On the epidemic’s health-care side, Bilimoria said he is unaware of health insurance providers that have denied coverage of vaping-related illness claims, but it’s not possible for a health insurer to deny coverage on the basis of patients participating in an illegal act.

Meanwhile, Rubas said physicians could face a malpractice claim for misdiagnosing patients suffering from a vaping-related illness. It’s possible to mistake a vaping illness for another ailment, because doctors may not associate symptoms, such as nausea, with vaping, she said. Given that misdiagnosis is among the most common cause to file a malpractice claim, litigating such a claim is not only expensive but devastating to a doctor’s career, she said.

“If we go see a physician, we expect them to figure out what it is; it’s not always realistic,” Rubas said. “We want to avoid patient injury. I think a patient that goes to an emergency room or goes to visit their doctor and has these symptoms and gets sent home and ends up expiring, I think we will see claims [like this].”

There have been some lawsuits filed in state courts against manufacturers that produced THC-infused vaping products, but consumers who got sick from black market THC-infused vaping products may not have legal recourse, said Seth Goldberg, Duane Morris’ Philadelphia-based partner and group leader for its cannabis industry practice.

So far, state-compliant THC vaping manufacturers do not appear to be using substances that are contributing to the injuries making headlines, he said.

“Regulating the product is better than having it be relegated to the black market where there are no controls,” Goldberg said. “The people who are buying it from state-controlled cultivators, processors and dispensaries are not having the problem.”
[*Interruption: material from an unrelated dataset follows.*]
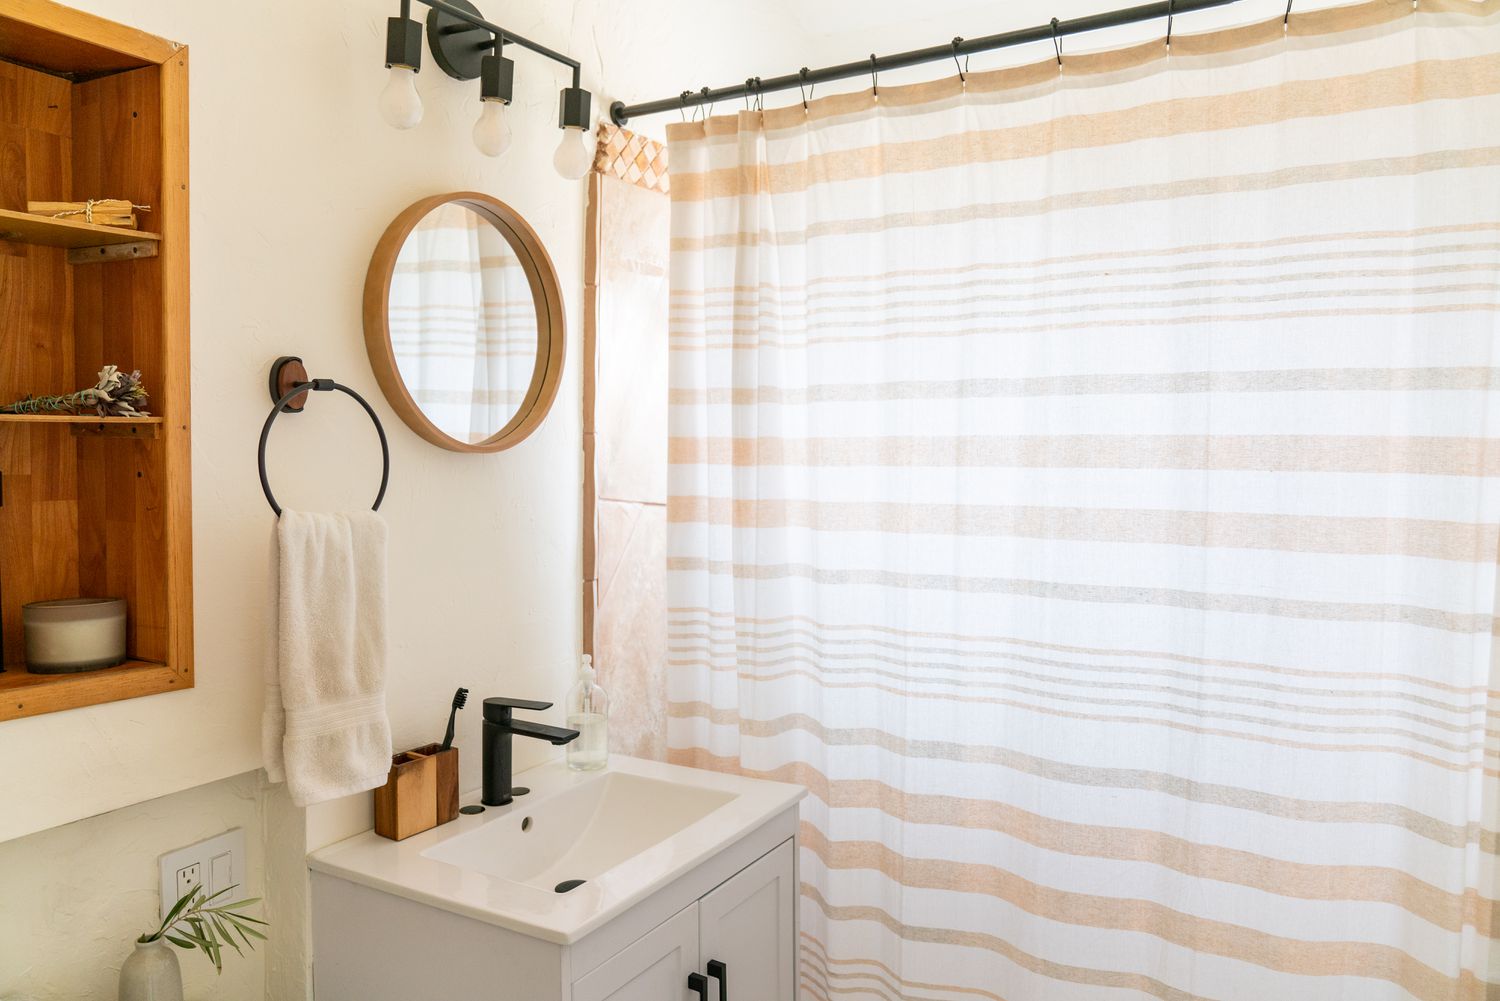 Petite salle de bain avec petit miroir rond à côté d'un rideau de douche blanc et tan

If any legally operating cannabis companies are found liable for lung illnesses and deaths, covering the costs could be even more expensive if they’re uninsured, attorneys told Chicago Lawyer.

Both Dahlin and Goldberg said insurance companies have charged high premiums for coverage or been reluctant to cover cannabis companies at all, because the substance remains illegal from federal law enforcement. In fact, Goldberg said insurance providers may rely on any available exceptions that would allow them to reject a claim on the basis of cannabis being illegal on the federal level.

Given the challenge of finding liability insurance, cannabis companies that work with third-party ingredients, hardware or other supplies should incorporate an indemnification clause into their contracts to safeguard against legal fees stemming from product malfunctions or consumer harm, Dahlin said. As a matter of best practice, they also should pay close attention to their product ingredients and hardware, she said.

“Another argument for why these products should be legal and highly, highly regulated [is that] we do have a highly regulated system here in Illinois and manufacturers in general pay close attention to the ingredients that they’re using,” Dahlin said. “It’s important for everybody involved in the industry to know and understand what exactly is it in all of your products, so that you can make sure they’re [as] safe as possible.”